The 1960s Business and the Economy: Overview
The 1960s Business and the Economy: Overview
The American economy flourished during the 1960s, as it had during the previous decade. Despite dips at various points throughout the decade, the Dow Jones Industrial Average, a composite of the prices of thirty top U.S. industrial stocks, and the figure most often quoted when evaluating stock market activity, steadily rose. In January 1966, it topped 1,000 for the first time. Increasing numbers of Americans owned stock and, between 1962 and 1968, stock market growth outdistanced the booming market (or bull market) of the 1920s. Inflation (an increase in currency circulating in the economy, leading to a sharp decrease in its value and a rise in prices) and recession (a temporary decrease in business activity at a time when it had been thriving) were familiar words to business and economy watchers during the 1960s, and in decades to come. However, unlike the 1920s, the 1960s stock market boom was not followed by a depression (an extended period characterized by decreased business activity, increased joblessness, and falling wages and prices).
Despite this prosperity, major shifts were occurring in American business and the workforce. Preexisting corporations were merging and becoming larger, more powerful conglomerates. Consumers increasingly were doing their shopping at discount chain stores and their dining at inexpensive fast-food restaurants, leading to a decrease in the number of single-proprietor businesses. Small farms, and a cherished American way of life, were becoming extinct. Larger, often corporate-owned, farms were replacing family farms, and newly developed farm technology was increasing farm output. Meanwhile, manufacturers were relocating from the Northeast and Midwest to nonunion Southern states, taking jobs with them and robbing industrial cities of their vitality. Manufacturers also were opening factories in foreign countries to take further advantage of cheap labor. These shifts led to a decline in the power of unions.

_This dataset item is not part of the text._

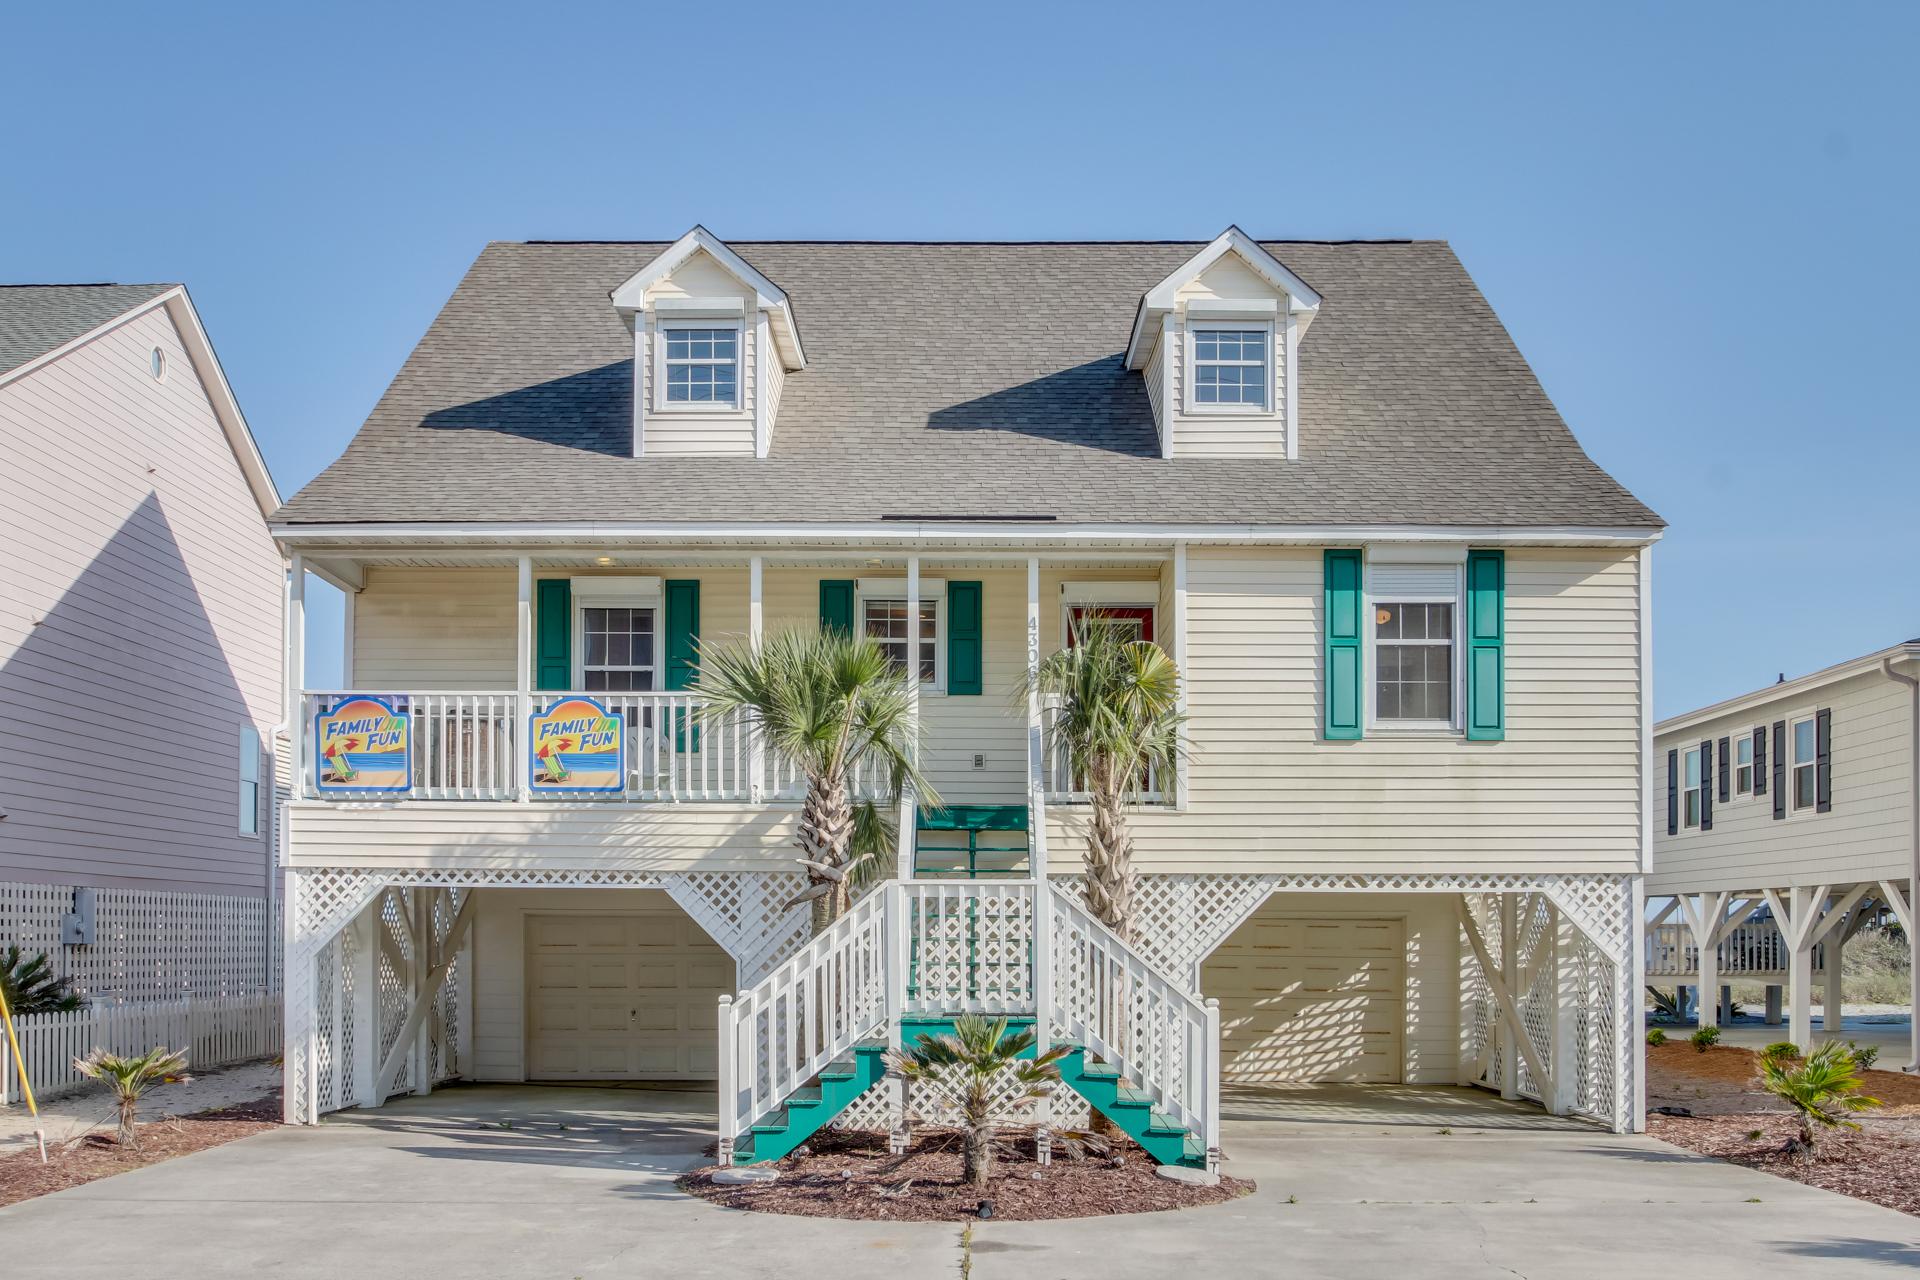 獨棟家庭住宅 為 出售 在 Surf and Sand 4306 N Ocean North Myrtle Beach, 南卡羅來納州, 29582 美國

America was becoming less reliant on industrial and manufacturing industries, as the rapid development of high-tech electronics led to the dawn of the Information Age. Now more than ever, workers found themselves sitting at desks and pushing papers, rather than tilling the soil, working on assembly lines, or making products with their hands. Adding to all this was the increasing presence of women in the workforce. Some took jobs for practical purposes, such as to add to the family income. Young women, in particular, were also being affected by the growing feminist movement. They wanted the freedom to choose their own lifestyles, to pursue professional careers, and to have alternatives to being full-time homemakers.
The automobile boom of the 1950s continued into the 1960s. However, car buyers increasingly chose smaller, less-expensive, more energy-efficient cars. Many of these were produced by foreign automakers. The Detroit automakers soon developed their own lines of smaller, sportier cars.
During the 1960s, big business increasingly offered financial support to the arts. Museums and performing arts organizations were unable to meet rising expenses solely on the basis of ticket sales or admission fees. Corporate America increasingly funded arts organizations, resulting in waves of publicity and goodwill for big business.
In 1965, President Lyndon Johnson declared that he envisioned the United States evolving into a "Great Society," a nation of abundance, in which poverty and blight would be eradicated. In such a nation, all American workers would have jobs, and all would be sufficiently paid. However, the events of the decade, and of those to come, derailed plans for Johnson's "Great Society."